Given records:
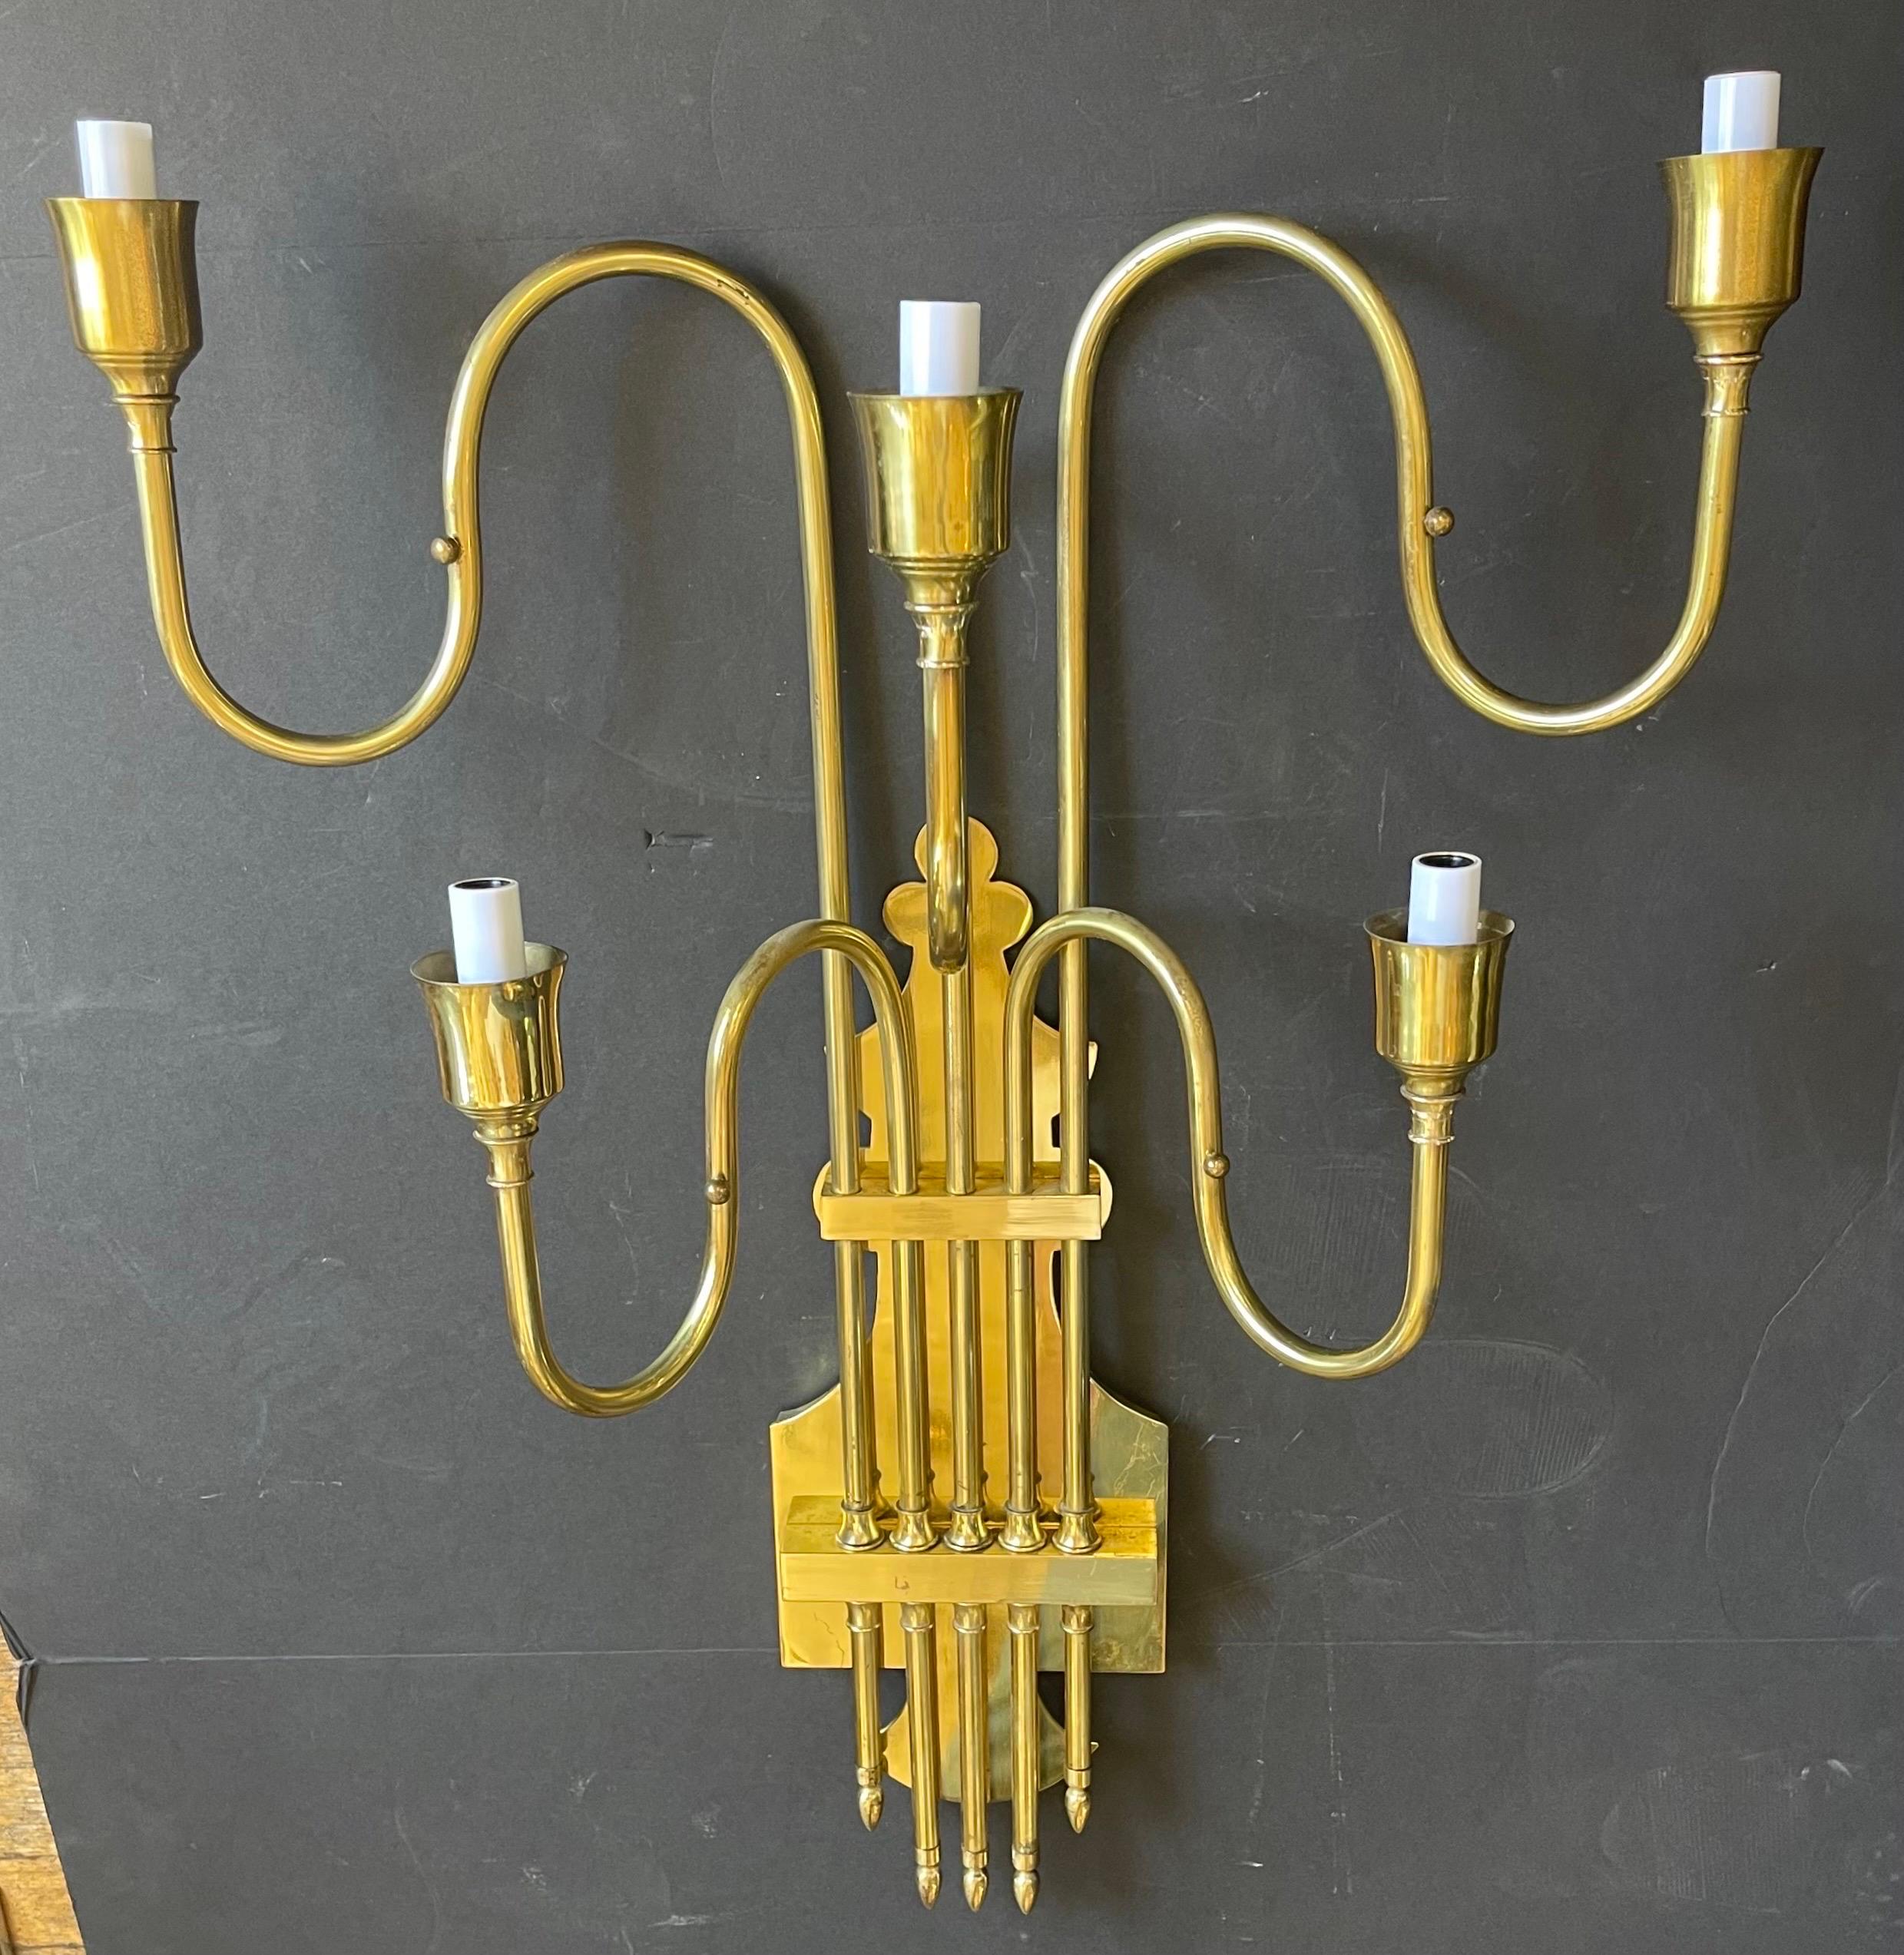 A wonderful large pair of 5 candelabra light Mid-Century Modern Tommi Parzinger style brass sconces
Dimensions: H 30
==
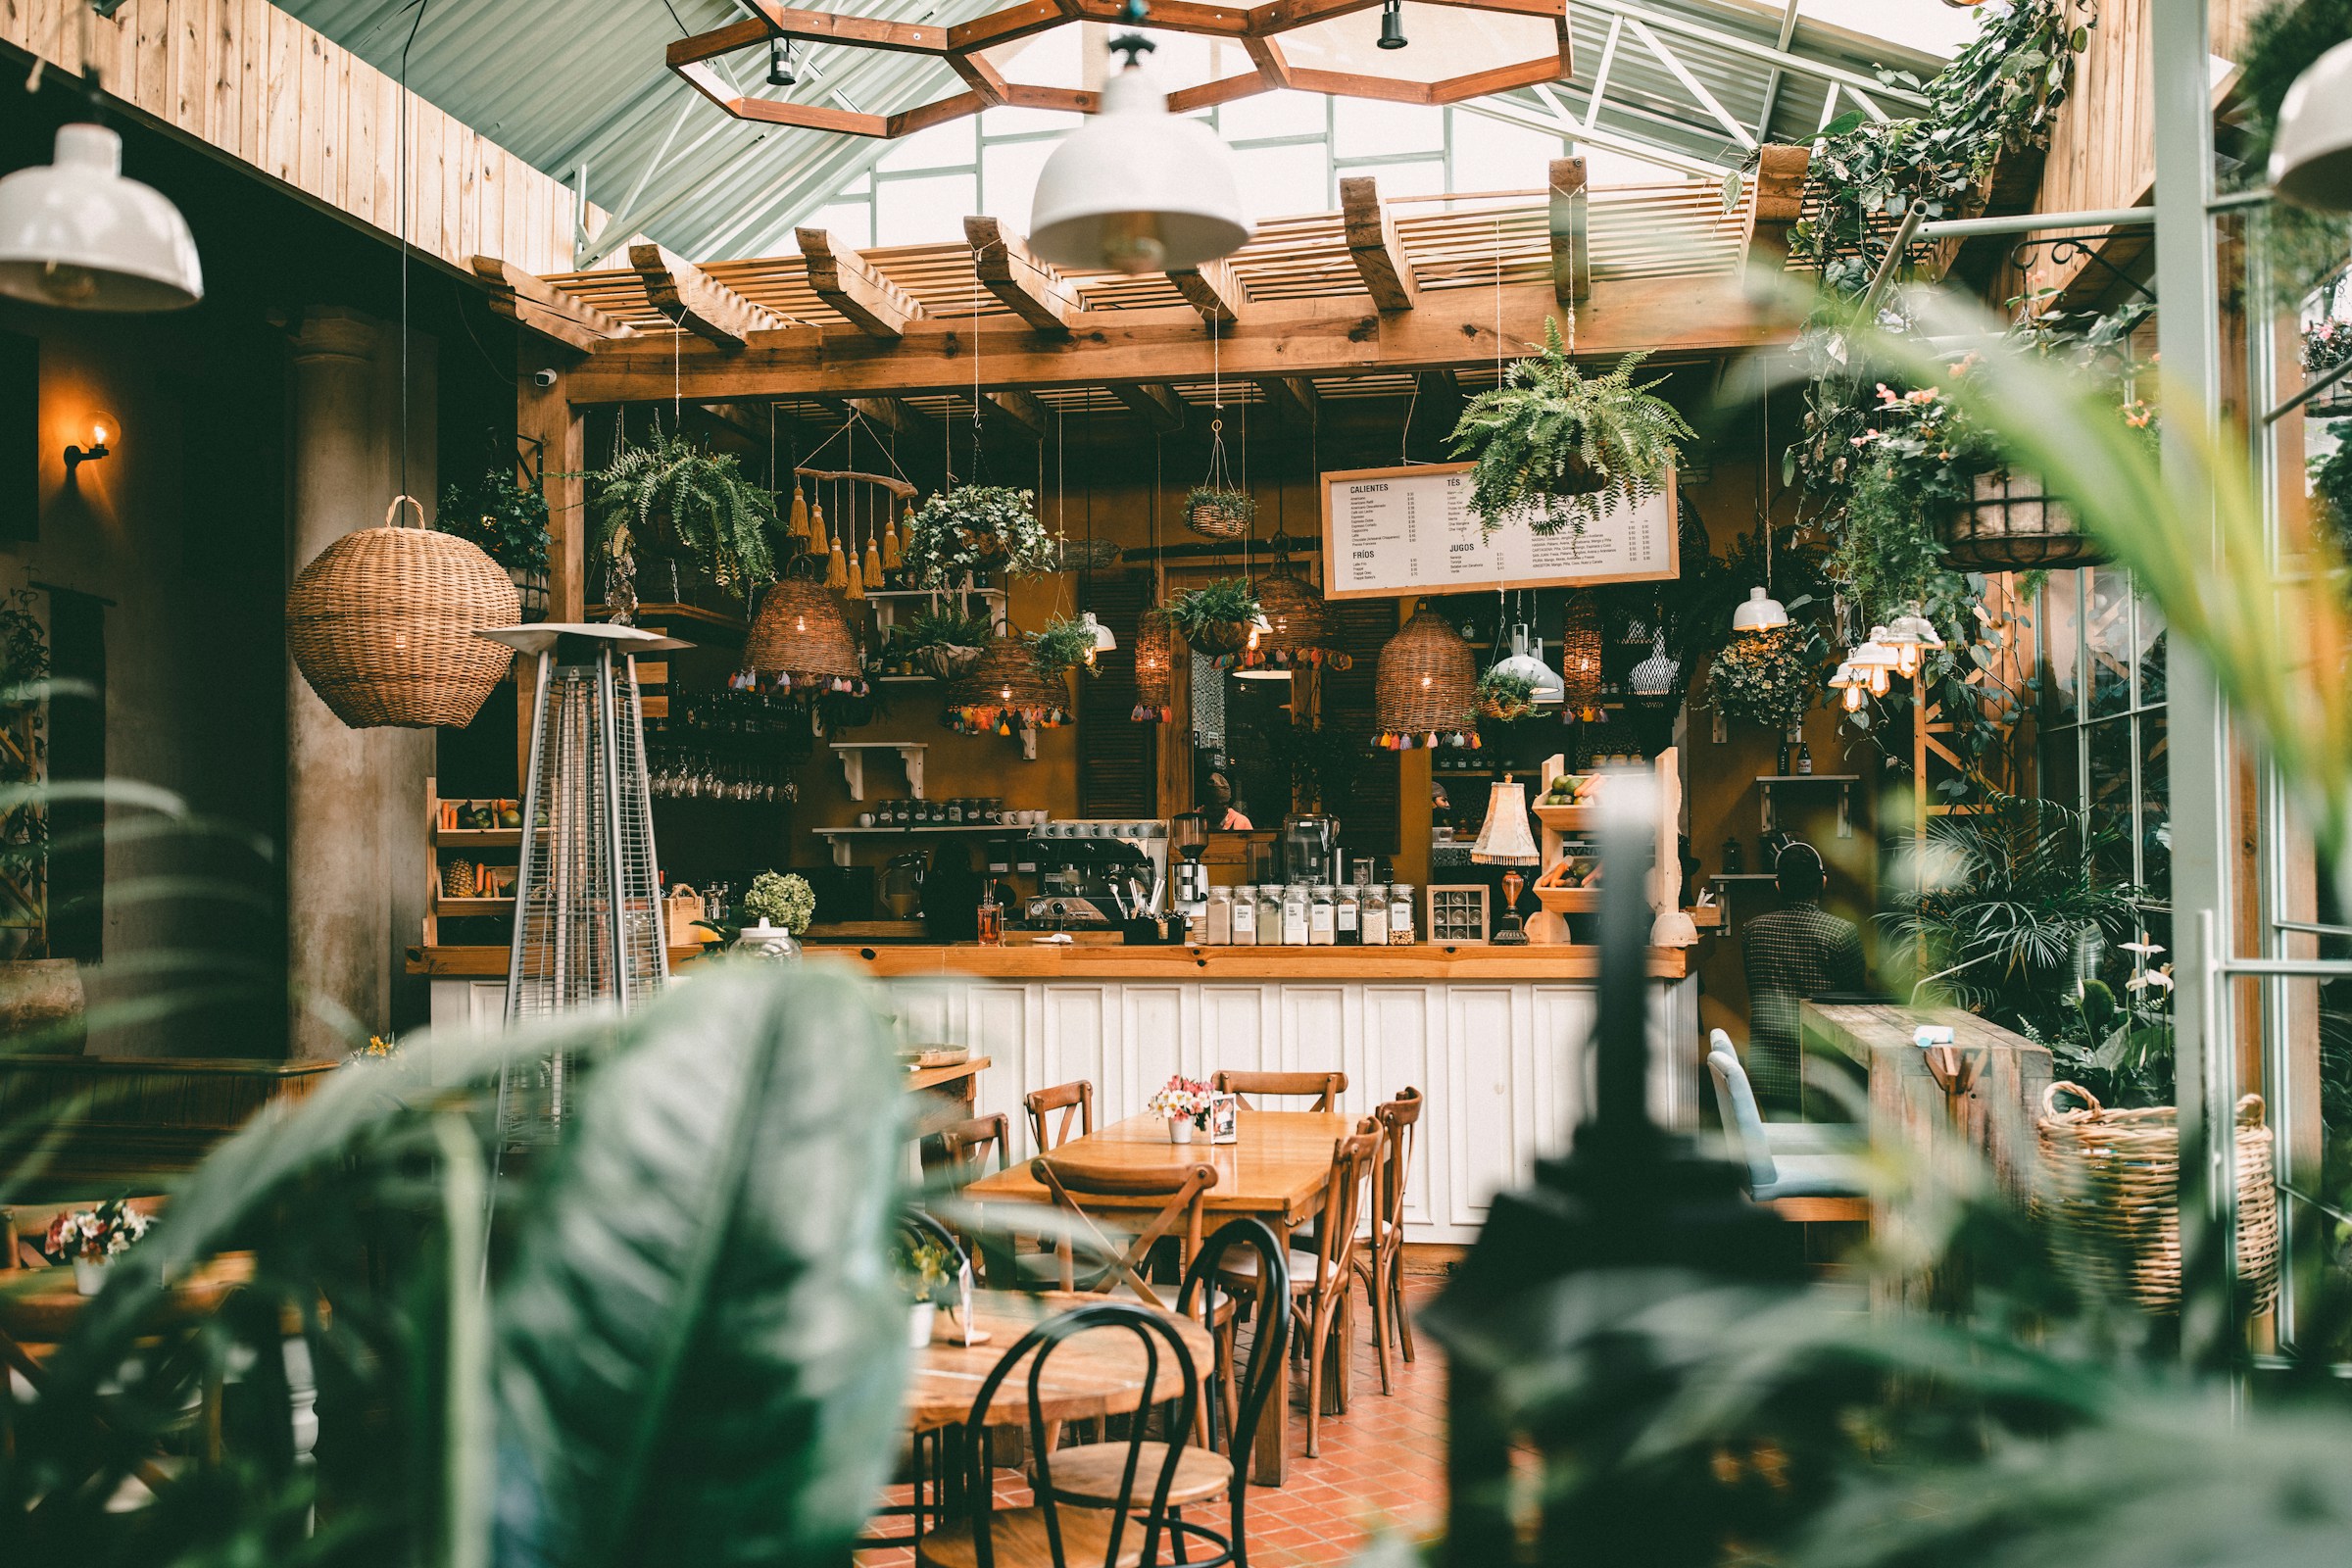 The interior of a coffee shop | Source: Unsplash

Try it: Above are some records; quote exactly and only the lines that begin at the line containing "A wonderful large pair" and stop after the line containing "Dimensions: H 30", leaving out the pictures.

Result for this exercise:
 A wonderful large pair of 5 candelabra light Mid-Century Modern Tommi Parzinger style brass sconces
Dimensions: H 30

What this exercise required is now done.